Senior nursing student, Geraldine Martinez was excited about the possibility of interprofessional teaching and learning.  “When I got the invitation from Errol, I felt very privileged and very honored that our future physicians want to learn from their future nurses,” she said. She and four other senior nursing students spent the afternoon teaching first- and second-year M.D.  students how to draw blood on some very useful and life-like arm models. The models allow students to train on an anatomically-correct arm, and even draw blood-like fluid from the model’s veins. Students are able to go through the trial-and-error process of phlebotomy, without actually poking and prodding a real person’s arm.

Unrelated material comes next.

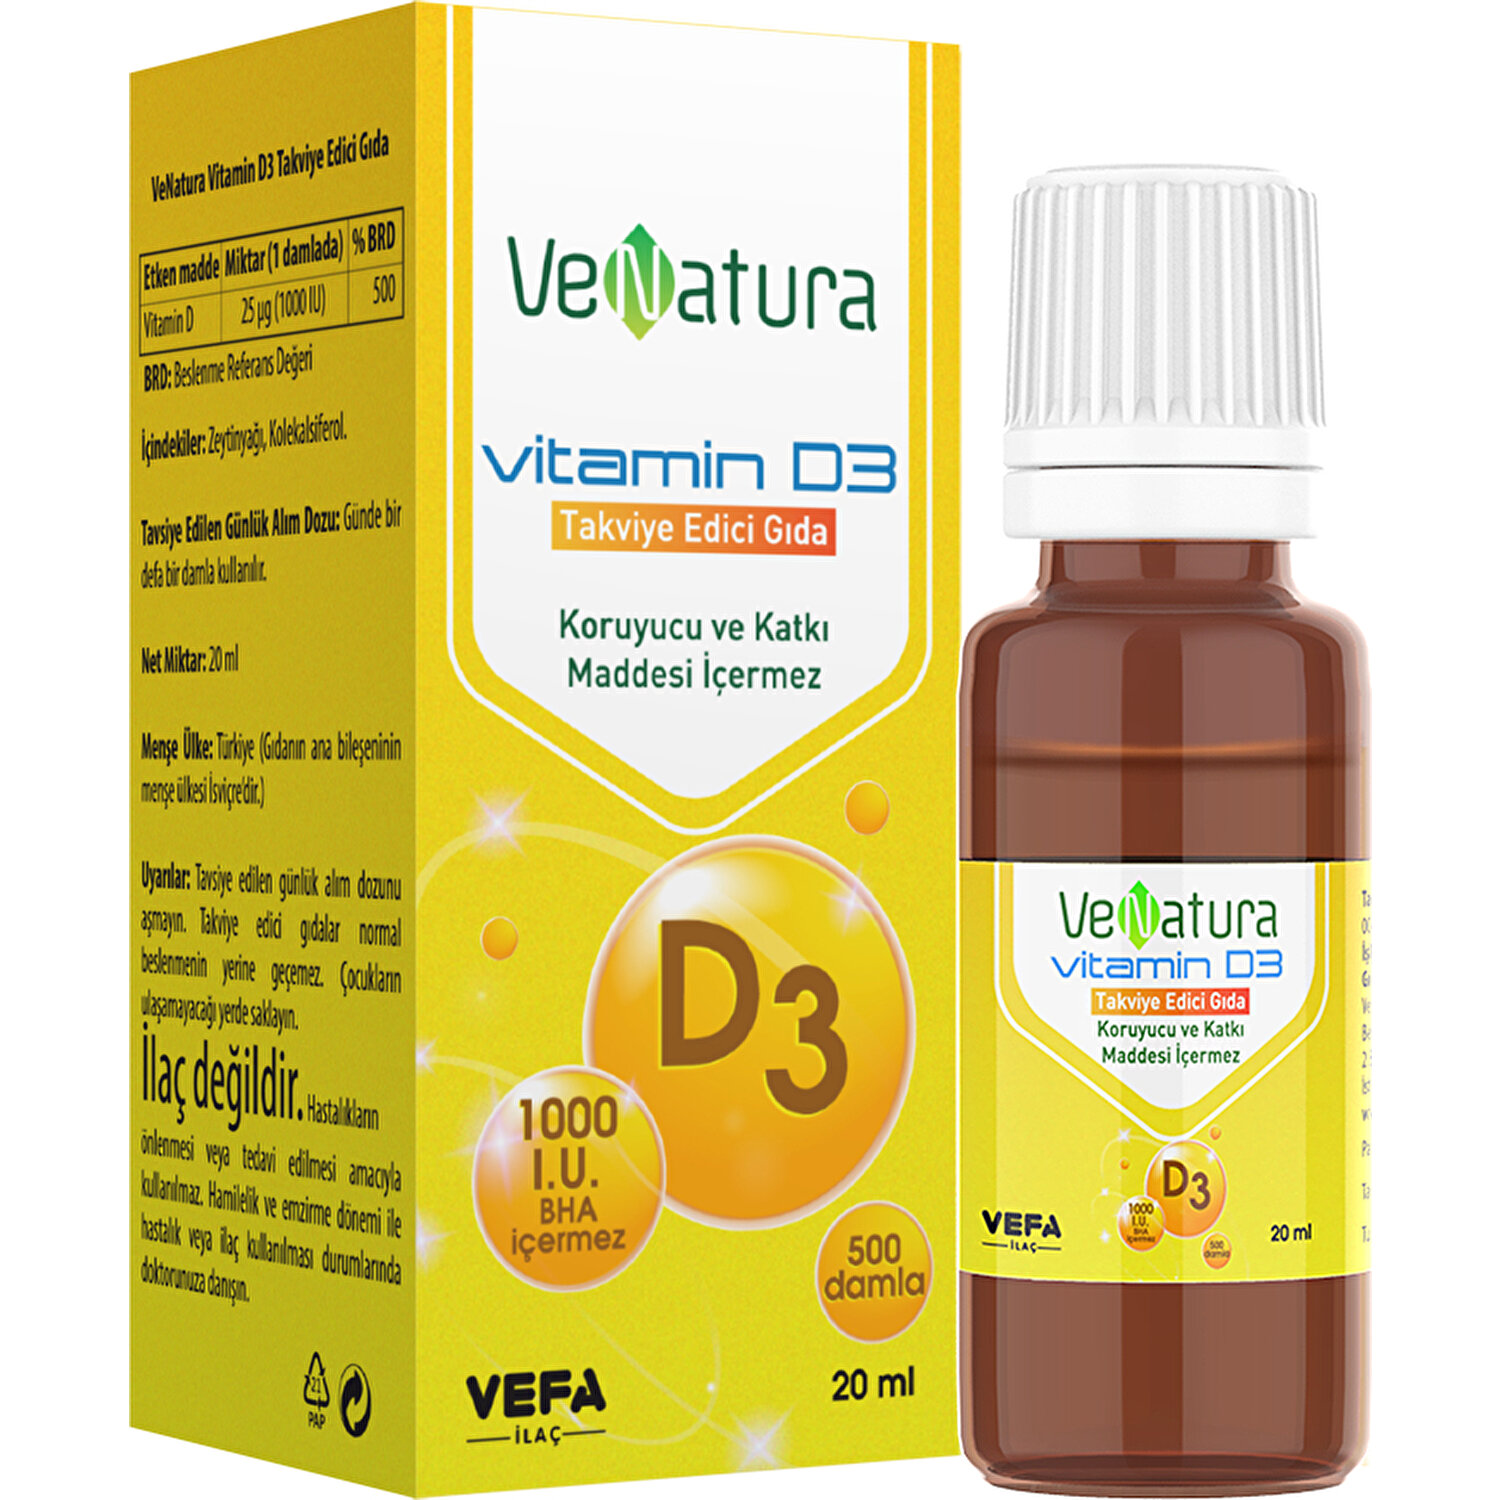 D Vitamini Damla Coledan D3 Oral Damla Nasil Kullanilir Kizlarsoruyor

The Internal Medicine Interest Group’s advisers, Drs. Abdo Asmar and Sergio Salazar, helped supervise the  interdisciplinary workshop. Both physicians practice at UCF Pegasus Health, the College of Medicine physician practice. “This is something they can expect to be doing when they graduate: working with other professionals to provide the best patient care,” Dr. Asmar said. “Although the nurses and assistants draw blood most of the time, the doctors can be called on when nobody else can do it. I think it’s important for physicians to know the technique and be good at it.”

The World Health Organization advocates interprofessional education as a way to improve healthcare for all. The organization defines interprofessional education as an event where two or more professions learn about, from and with each other to enable effective collaboration and  improve health outcomes.

The M.D. students will soon find themselves in clerkships where they will work side-by-side with nurses to assist patients. Geraldine said  the opportunity to work together as healthcare students provides benefits to both sides. “The relationship can start now,” she added. “It doesn’t have to be at bedside once we have graduated. Why not start it from the beginning and grow together?”